Eksperci ds. cyberbezpieczeństwa odkryli groźne wtyczki, które zostały pobrane przez miliony użytkowników Google Chrome oraz Microsoft Edge.

Źródło: Koi
W ramach drugiej operacji hakerzy wykorzystali kolejne pięć rozszerzeń, w tym popularne narzędzie do zarządzania kartami - WeTab, które zainstalowano ponad trzy miliony razy. W sumie te rozszerzenia mają ponad cztery miliony użytkowników na całym świecie.
W odróżnieniu od tych w pierwszych, pozostałe złośliwe rozszerzenia nadal są dostępne do pobrania na stronie dodatków Microsoft Edge. Choć firma z Redmond może je skasować w każdej chwili.
Jak działa złośliwe oprogramowanie
Złośliwy kod został umieszczony w rozszerzeniach w 2024 roku, a jego zadaniem było zbieranie danych o aktywności użytkowników w internecie. Wszystkie te informacje były wysyłane w czasie rzeczywistym na zewnętrzne serwery w Chinach. Złośliwe rozszerzenia działały jak zdalny system wykonywania kodu, automatycznie pobierając oraz uruchamiając JavaScript w przeglądarkach, bez zgody użytkowników. Uważa się, że ponad 4,3 miliona urządzeń zostało zainfekowanych w tej kampanii.

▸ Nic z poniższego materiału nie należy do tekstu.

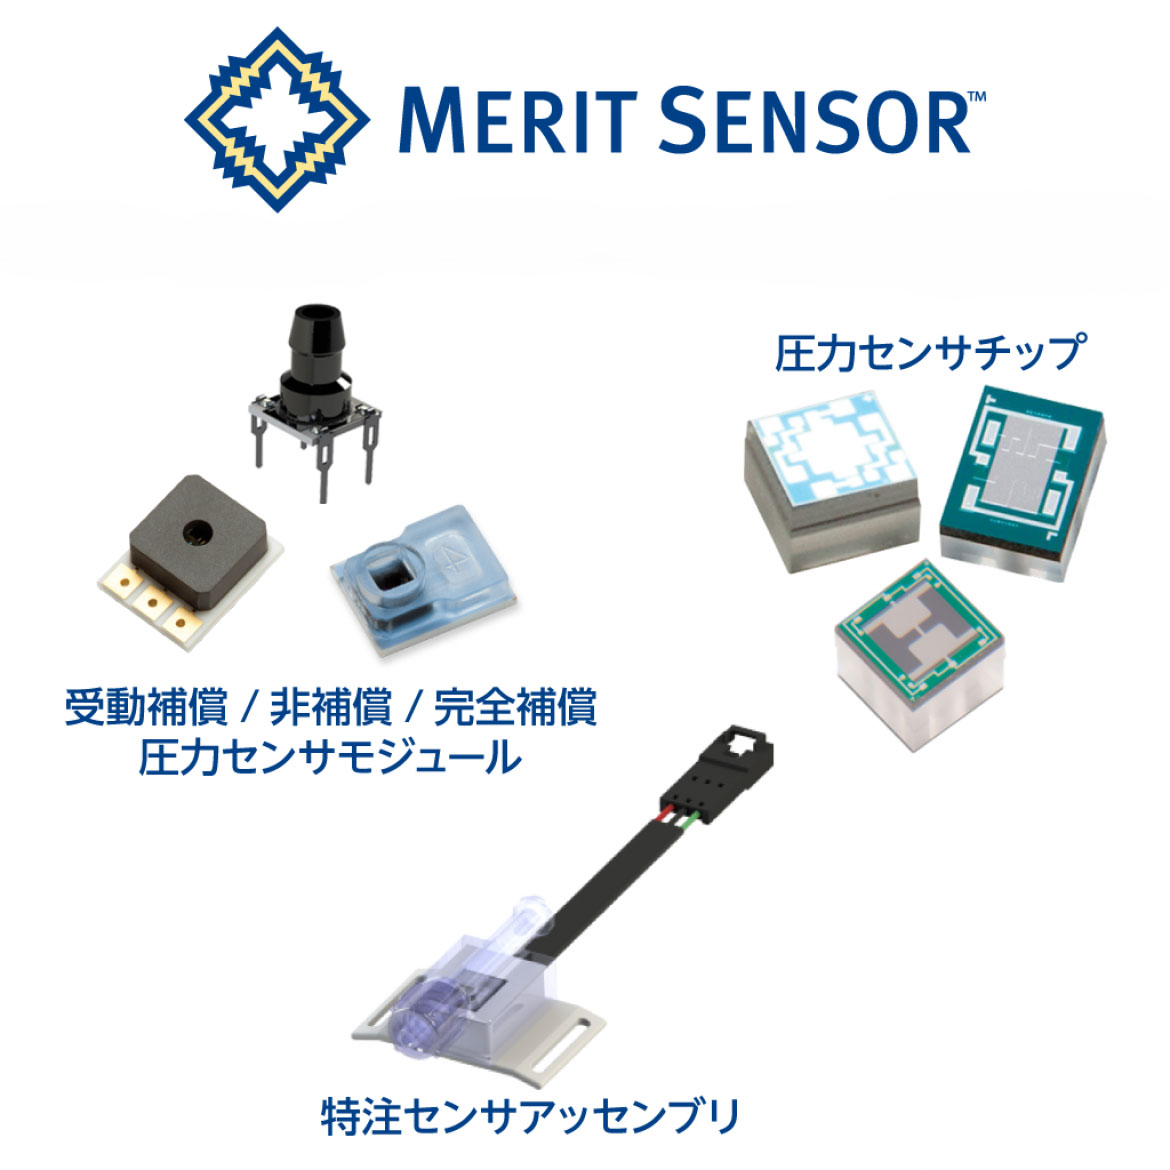 Merit Sensor 社のブースイメージ

Zalecenia dla użytkowników
Badacze opublikowali listę identyfikatorów rozszerzeń Chrome i Edge, które są związane z tą kampanią. Jeśli używamy któregokolwiek z nich, należy jak najszybciej je odinstalować. Aby to zrobić, wystarczy przejść do chrome://extensions/ lub edge://extensions/ w zależności od przeglądarki, włączyć tryb deweloperski i sprawdzić identyfikatory opublikowane przez badaczy. Jeśli znajdziemy złośliwe rozszerzenie, klikamy "Usuń" i potwierdzamy wybór.
Ewolucja działań grupy ShadyPanda
Grupa ShadyPanda rozpoczęła swoje pierwsze ataki w 2023 roku, ale ich działalność w cyberprzestrzeni trwa co najmniej od 2018 r. Początkowo zajmowali się oszustwami afiliacyjnymi, w których złośliwe aplikacje wstawiały kody śledzenia afiliacyjnego, zbierając dane o zwyczajach zakupowych użytkowników.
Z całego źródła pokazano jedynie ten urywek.